Мандельштам не был осторожен. Более того: он прямо формулировал то, о чем другие боялись и подумать. Похожий на нахохлившуюся птицу, пугливый, он не испытывал страха, вернее, не подчинялся его гипнотической силе. Одной из строк, которые он часто повторял, была есенинская: «Не расстреливал несчастных по темницам». Не только «не расстреливал» – помогал спастись попавшим в несчастье. Заступался за приговоренных. По легенде, на глазах у изумленного пьяного чекиста Блюмкина, будущего убийцы посла Германии Мирбаха, еще в 1918 году разорвал ордера на арест, которыми тот открыто хвастал.

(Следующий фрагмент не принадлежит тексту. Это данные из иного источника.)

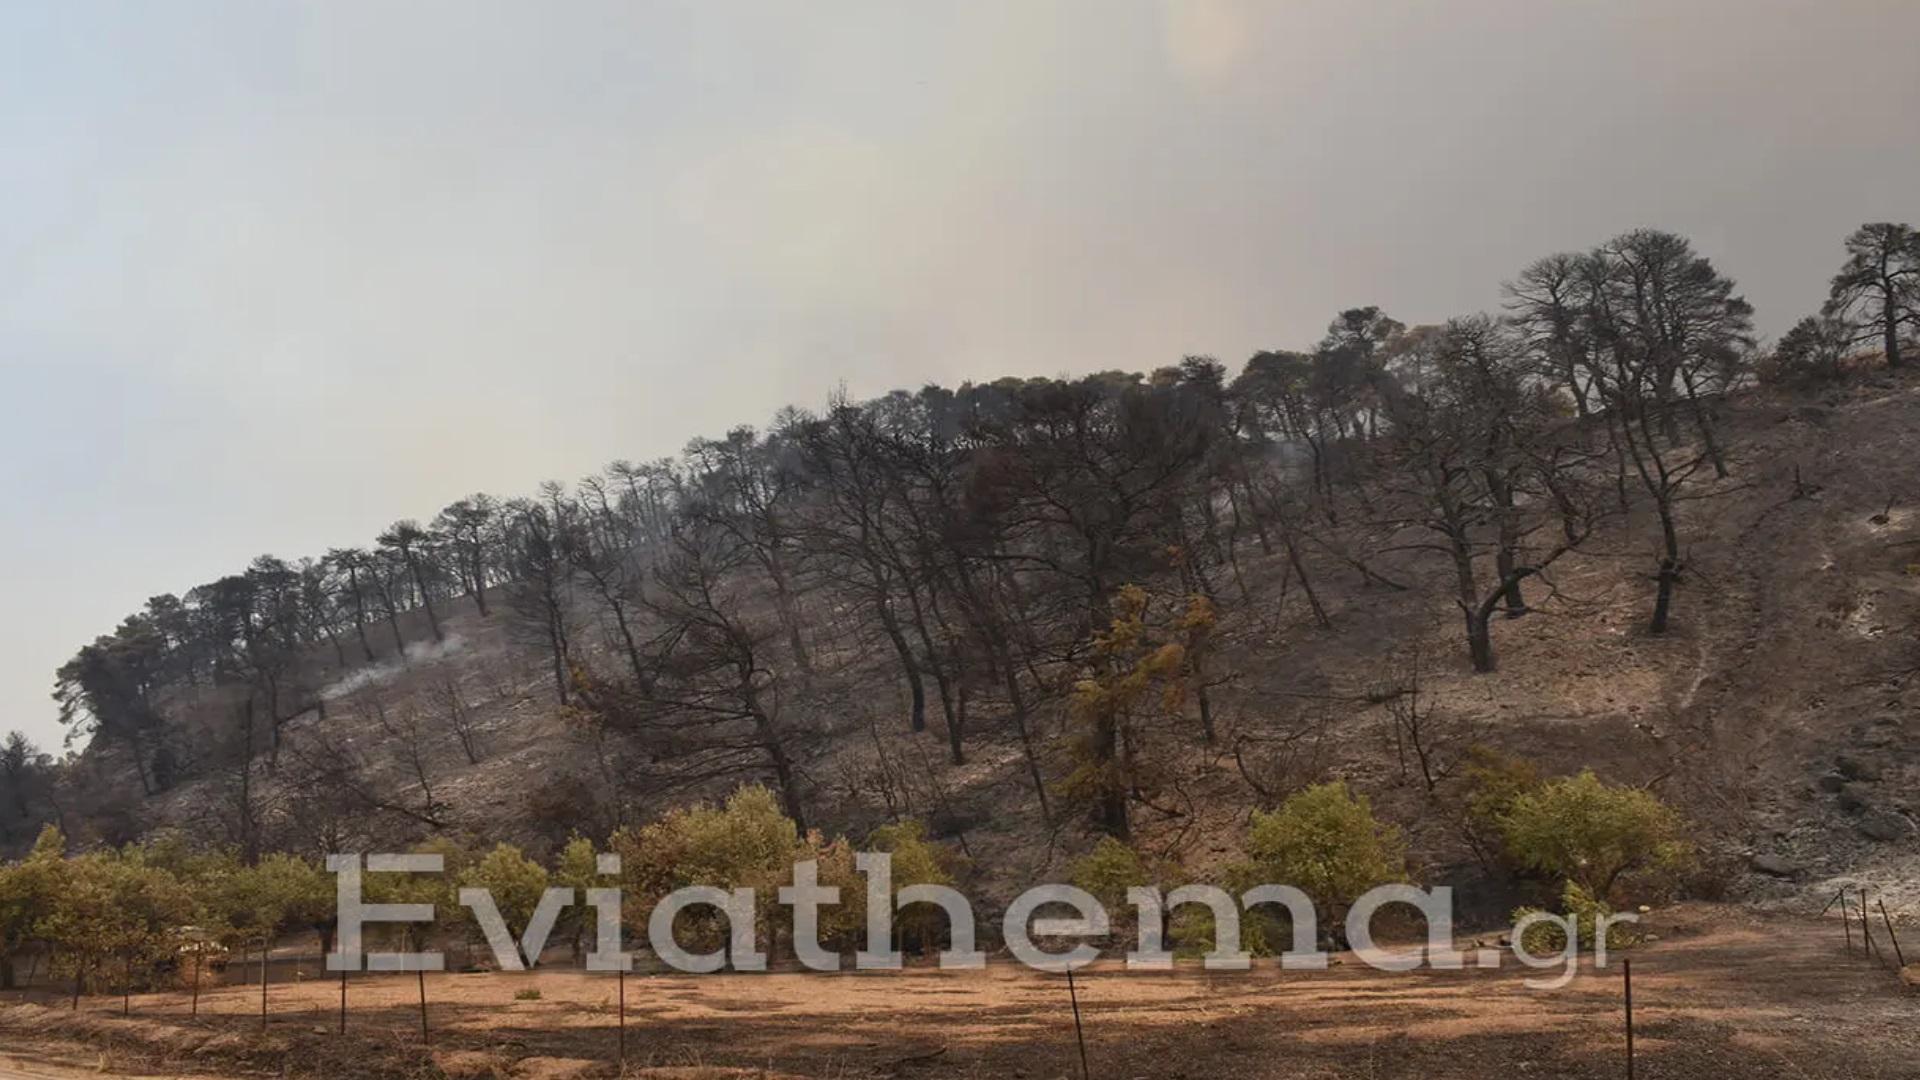 Φωτιά στην Εύβοια: Εγκλωβίστηκαν πυροσβέστες στους Κουρκουλούς – Εκκενώνονται συνεχώς οικισμοί

Пастернак увидел на Урале голодающих крестьян – и, ужаснувшись увиденным, бежал в Москву. Мандельштам тоже увидел голодающих – и написал об этом стихи, наверняка тоже ставшие известными не только в узких поэтических кругах, но и на Лубянке: «Холодная весна. Голодный Старый Крым…» Читал их открыто. Может быть, и в гостях у Пастернака. Так что холодность Зинаиды Николаевны, возможно, объясняется отнюдь не только ее обидой за то, что Мандельштам пытался «оттеснить» Пастернака, но и опаской.

В мае 1934 года Мандельштама арестовали. На следующий день после ареста Надежда Яковлевна пошла к Бухарину. Позвонила Пастернаку. Пастернак уже знал о случившемся – от Ахматовой, которая оставалась у Мандельштамов ночевать и присутствовала при аресте и обыске. Пастернак немедленно отправился к известному близостью к властям Демьяну Бедному. Бедный был одно время любимцем Сталина, и ему даже предоставили в Кремле квартиру. Правда, времена, когда он был особо «приближен», миновали, и прошло уже два года, как из Кремля он выехал. Целый день Демьян Бедный таскал Пастернака за собою, попутно объясняя, почему вмешиваться в это дело не надо.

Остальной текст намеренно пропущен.